The same feeling of despair over impending events in France, Africa, Syria, Spain -- the sense of foreseeing what must happen and being powerless to prevent it, and feeling with absolute certainty that a British government cannot act in such a way as to get its blow in first.
Air raids much milder the last few days.
16 November
I never thought I should live to grow blase about the sound of gunfire, but so I have.
23 November
The day before yesterday lunching with H.P., editor of -----. H.P. rather pessimistic about the war. Thinks there is no answer to the New Order, i.e. this government is incapable of framing any answer, and people here and in America could easily be brought to accept it. I queried whether people would not for certain see any peace offer along these lines as a trap. H.P.: "Hell's bells, I could dress it up so that they'd think it was the greatest victory in the history of the world. I could make them eat it." That is true, of course. All depends on the form in which it is put to people. So long as our own newspapers don't do the dirty they will be quite indifferent to appeals from Europe. H.P., however, is certain that ----- and Co. are working for a sell-out. It appears that though ----- is not submitted for censorship, all papers are now warned not to publish interpretations of the government's policy towards Spain. A few weeks back Duff Cooper had the press correspondents up and assured them "on his word of honour" that "things were going very well indeed in Spain". (The most one can say is that Duff Cooper's word of honour is worth more than Hoare's.)

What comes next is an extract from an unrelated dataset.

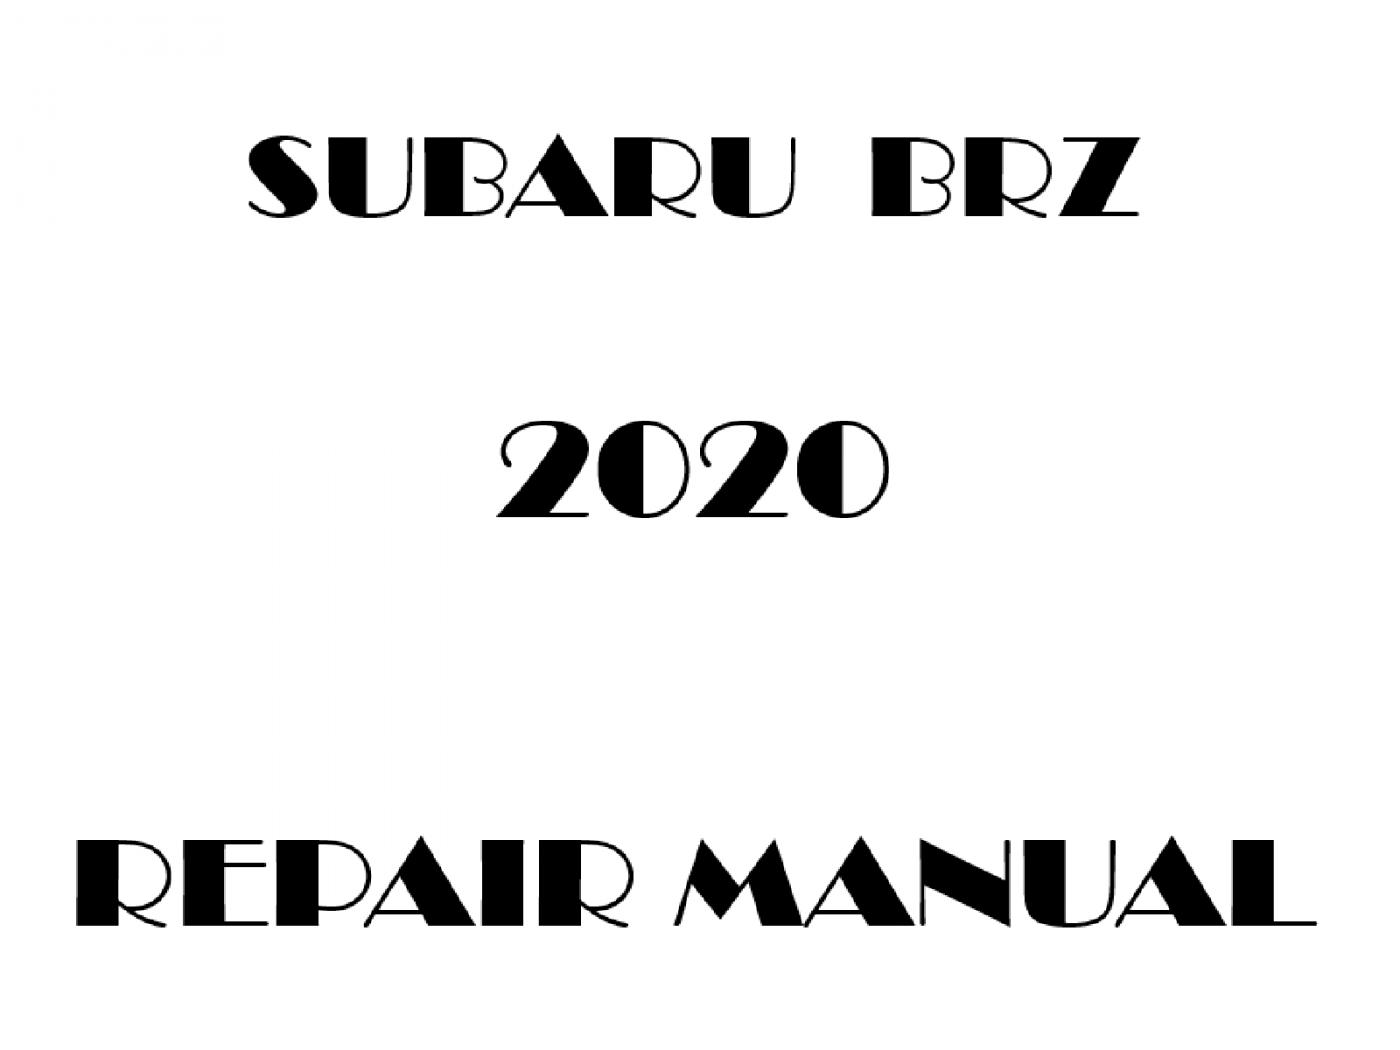 2020 Subaru BRZ repair manual

H.P. says that when France collapsed there was a Cabinet meeting to decide whether to continue the war or whether to seek terms. The vote was actually 50-50 except for one casting vote, and according to H.P. this was Chamberlain's. If true, I wonder whether this will ever be made public. It was poor old Chamberlain's last public act, as one might say, poor old man.
Characteristic wartime sound, in winter: the musical tinkle of raindrops on your tin hat.
28 November
Lunching yesterday with C.54 editor of France. . . . . To my surprise he was in good spirits and had no grievances. I would have expected a French refugee to be grumbling endlessly about the food, etc. However, C. knows England well and has lived here before.
54. Pierre Comert, French journalist and ex-diplomat, who came to England after the armistice in 1940.
He says there is much more resistance both in occupied and unoccupied France than people here realize. The press is playing it down, no doubt because of our continued relations with Vichy. He says that at the time of the French collapse no European looked on it as conceivable that England would go on fighting, and generally speaking Americans did not either. He is evidently somewhat of an anglophile and considers the monarchy a great advantage to England. According to him it has been a main factor in preventing the establishment of Fascism here. . . . . It is a fact that, on the whole, anti-Fascist opinion in England was pro-Edward; but C. is evidently repeating what was current on the continent.
C. was head of the press department during Laval's Government. Laval said to him in 1935 that England was now "only an appearance" and Italy was a really strong country, so that France must break with England and go in with Italy. On returning from signing the Franco-Russian pact he said that Stalin was the most powerful man in Europe. On the whole Laval's prophecies seem to have been falsified, clever though he is.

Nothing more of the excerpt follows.